- Sponsored by: Department of Biotechnology
- Rewards: Citation Plaque; ₹200,000 Research grant of ₹1500,000;
- First award: 1999
- Final award: 2015

= National Bioscience Award for Career Development =

Indian academic award

The National Bio-science Award for Career Development or N-BIOS Prize is an Indian science award for recognizing excellence and promoting research in bio-sciences disciplines. It was instituted in 1999 by the Department of Biotechnology of the Government of India and is for encouraging Indian bio-scientists of less than 45 years of age. The award is given annually for unique contributions made towards the development of state of art in basic and applied areas of biological sciences through demonstrated activity in the form of publication in reputed journals and or patents.

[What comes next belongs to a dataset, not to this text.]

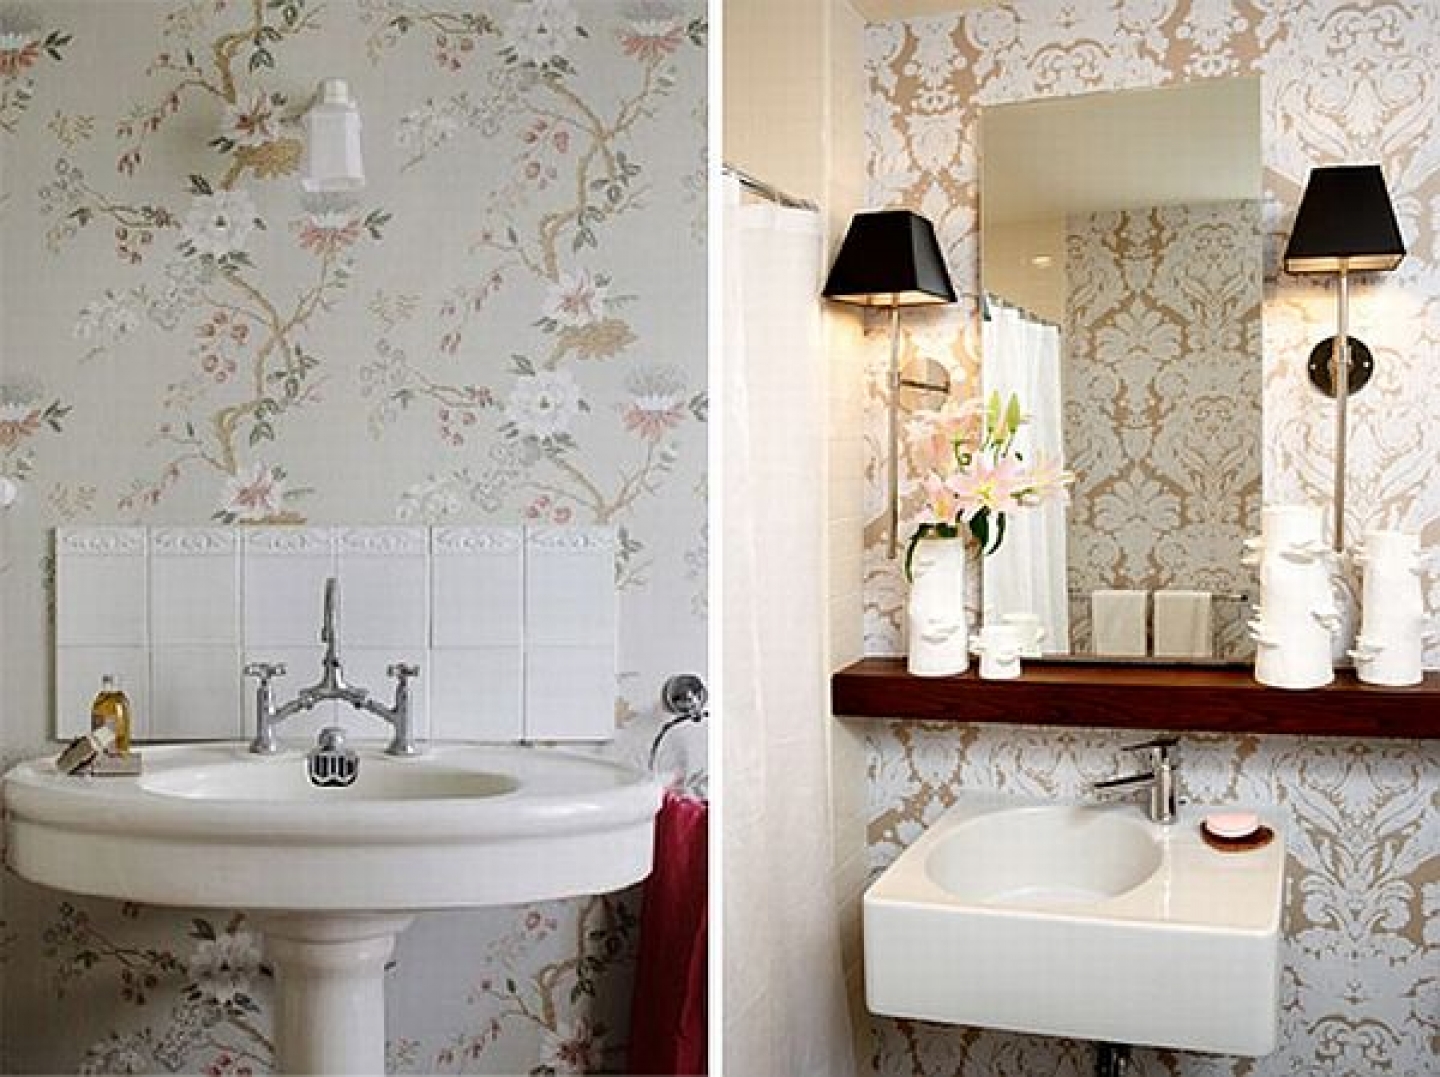 wallpaper-designs-for-bedrooms-minimalist-ideas-on-bathroom-design-ideas

The award recognizes research and development work carried out in India during the last 5 years of the career. The award carries a citation, a plaque, a cash prize of ₹200,000 and a research support grant of ₹1500,000, distributed annually in equal installments for three years. The award is one of the highest Indian biology awards, next to the Shanti Swarup Bhatnagar Prize given by the Council of Scientific and Industrial Research of India.

== N-BIOS Award recipients ==
List of awardees (Note: Not awarded in 2016, awards for 2017 and 2018 declared together)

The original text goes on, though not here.